IceCure's cryoablation systems enhance patient and provider value by
accelerating recovery, reducing pain, surgical risks and complications. With easy, transportable design and liquid nitrogen utilization,
ProSense and XSense open the door to fast and convenient office-based procedure for breast tumors.
About IceCure Medical
IceCure Medical (Nasdaq: ICCM) develops and markets
advanced liquid-nitrogen-based cryoablation therapy systems for the destruction of tumors (benign and cancerous) by freezing, with the
primary focus areas being breast, kidney, bone and lung cancer. Its minimally invasive technology is a safe and effective alternative
to hospital surgical tumor removal that is easily performed in a relatively short procedure. The Company's flagship ProSense system
is marketed and sold worldwide for the indications cleared and approved to date including in the U.S., Europe and Asia.

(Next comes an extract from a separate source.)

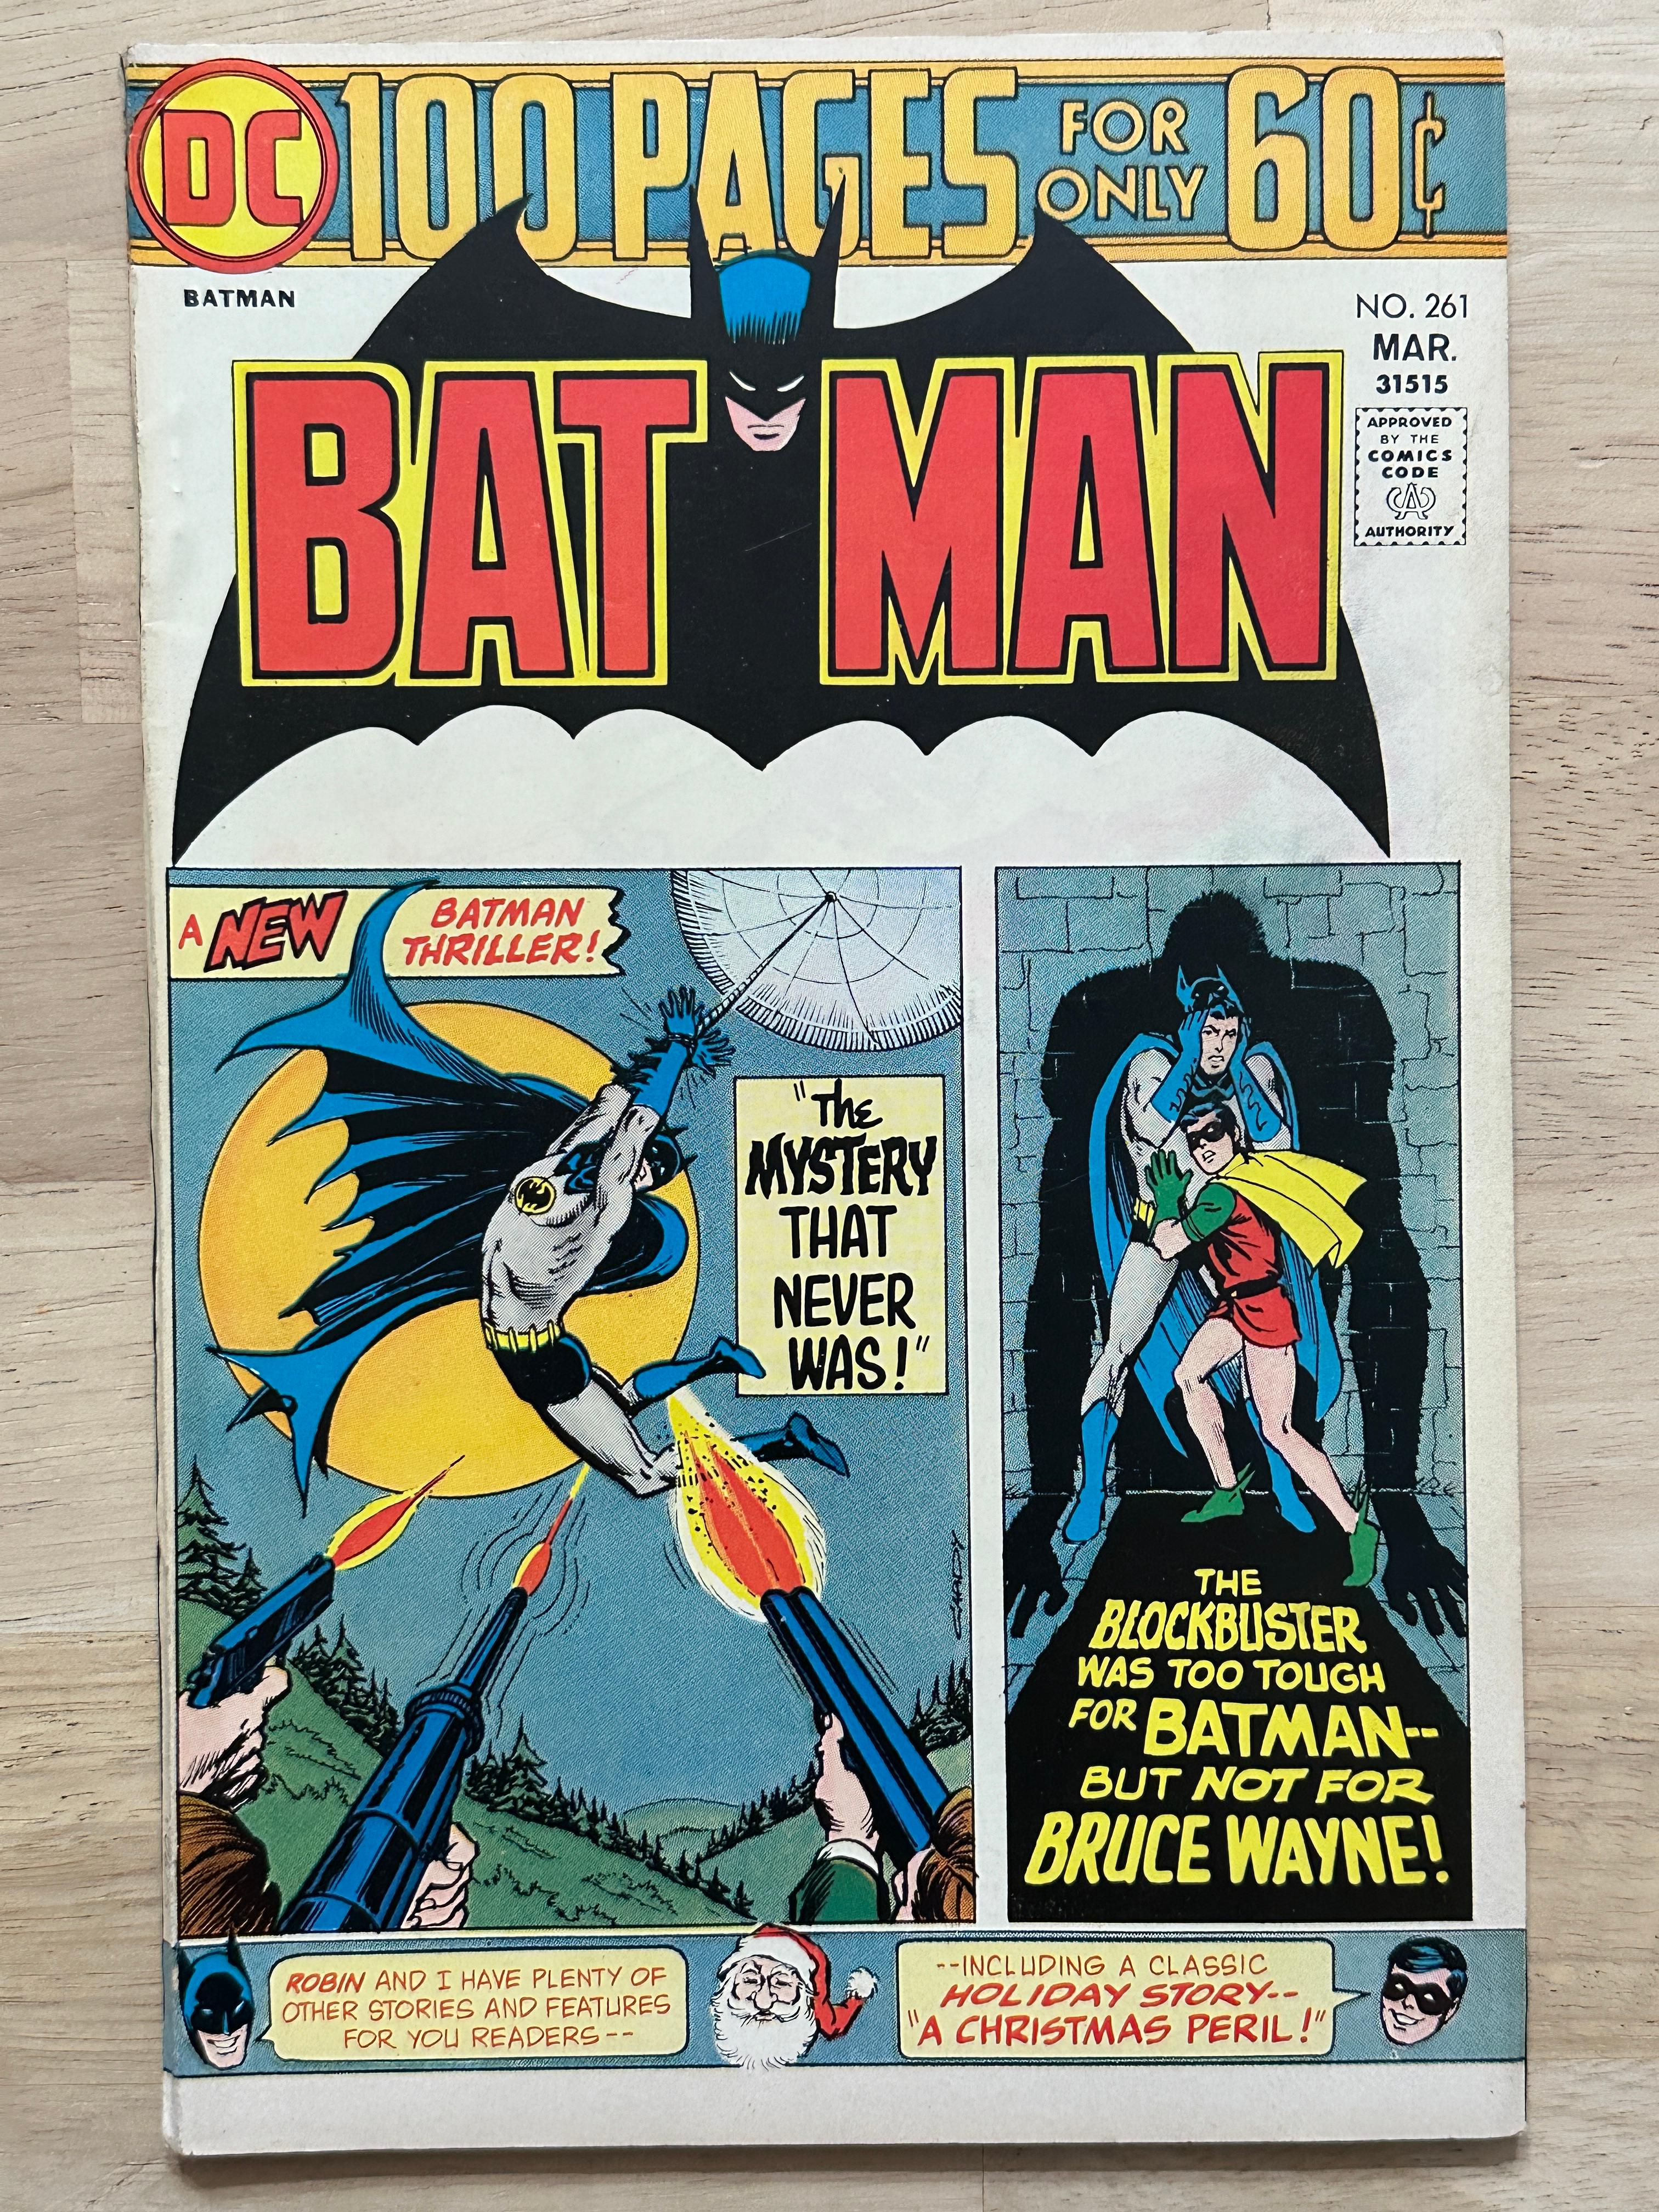 (6) Vintage DC Batman Comics

This press release contains forward-looking statements within the meaning of the "safe harbor" provisions of
the Private Securities Litigation Reform Act of 1995 and other Federal securities laws. Words such as "expects," "anticipates,"
"intends," "plans," "believes," "seeks," "estimates" and similar expressions or variations
of such words are intended to identify forward-looking statements. For example, IceCure is using forward looking statements
in this press release when it discusses: the belief that the AMAR approval reaffirms IceCure's leadership position in liquid-nitrogen
based cryoablation; the potential advantage of XSense; and the belief that the growing body of evidence on cryoablation as a minimally
invasive option for breast cancer supports accelerated commercial adoption. Historical results of scientific research and clinical and
preclinical trials do not guarantee that the conclusions of future research or trials will suggest identical or even similar conclusions.

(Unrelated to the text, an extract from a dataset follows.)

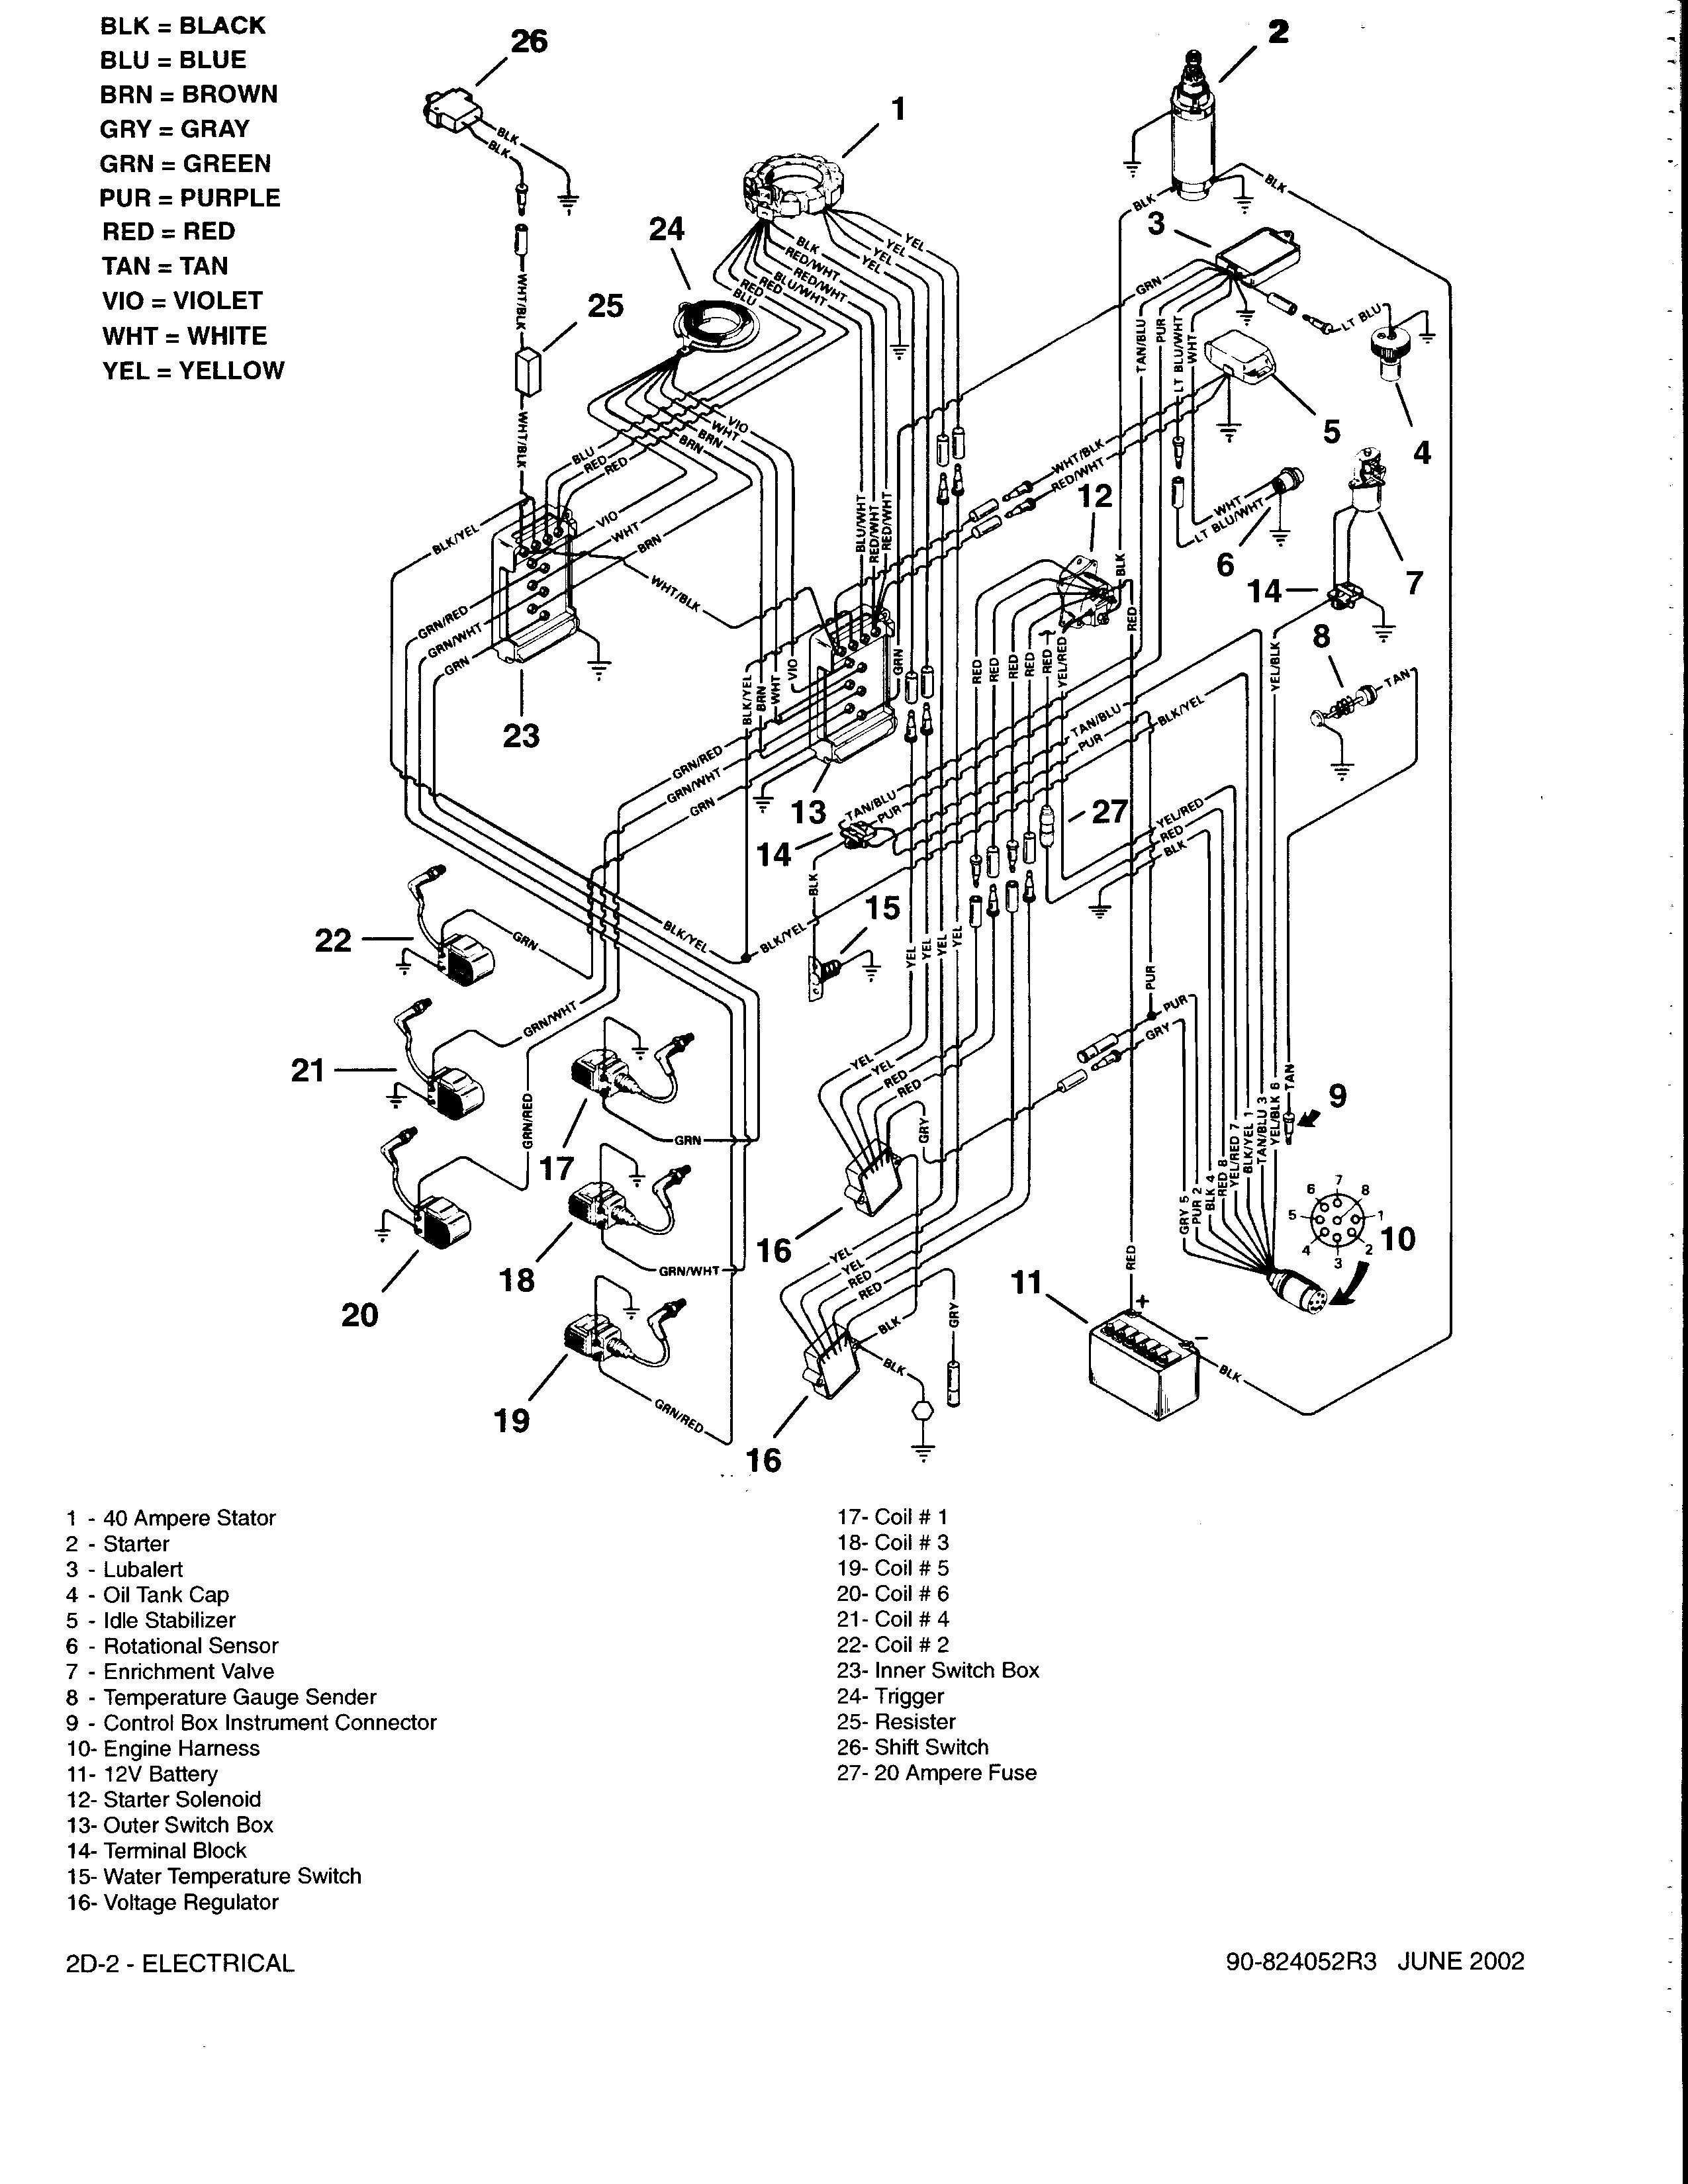 1973 Corvette Wiper Motor Wiring Diagrams Instructions 1973 Corvette Horn Wiring Diagrams Instructions Amx Diagram

Important factors that could cause actual results, developments and business decisions to differ materially from those anticipated in
these forward-looking statements include, among others: the Company's planned level of revenues and capital expenditures; the Company's
available cash and its ability to obtain additional funding; the Company's ability to market and sell its products; legal and regulatory
developments in the United States and other countries; the Company's ability to maintain its relationships with suppliers,
distributors and other partners; the Company's ability to maintain or protect the validity of its patents and other intellectual property;
the Company's ability to expose and educate medical professionals about its products; political, economic and military instability in
the Middle East, specifically in Israel; as well as those factors set forth in the Risk Factors section of the Company's Annual
Report on Form 20-F for the year ended December 31, 2024 filed with the SEC on March 27, 2025, and other documents filed
with or furnished to the SEC which are available on the SEC's website, www.sec.gov. The Company
undertakes no obligation to update these statements for revisions or changes after the date of this release, except as required by law.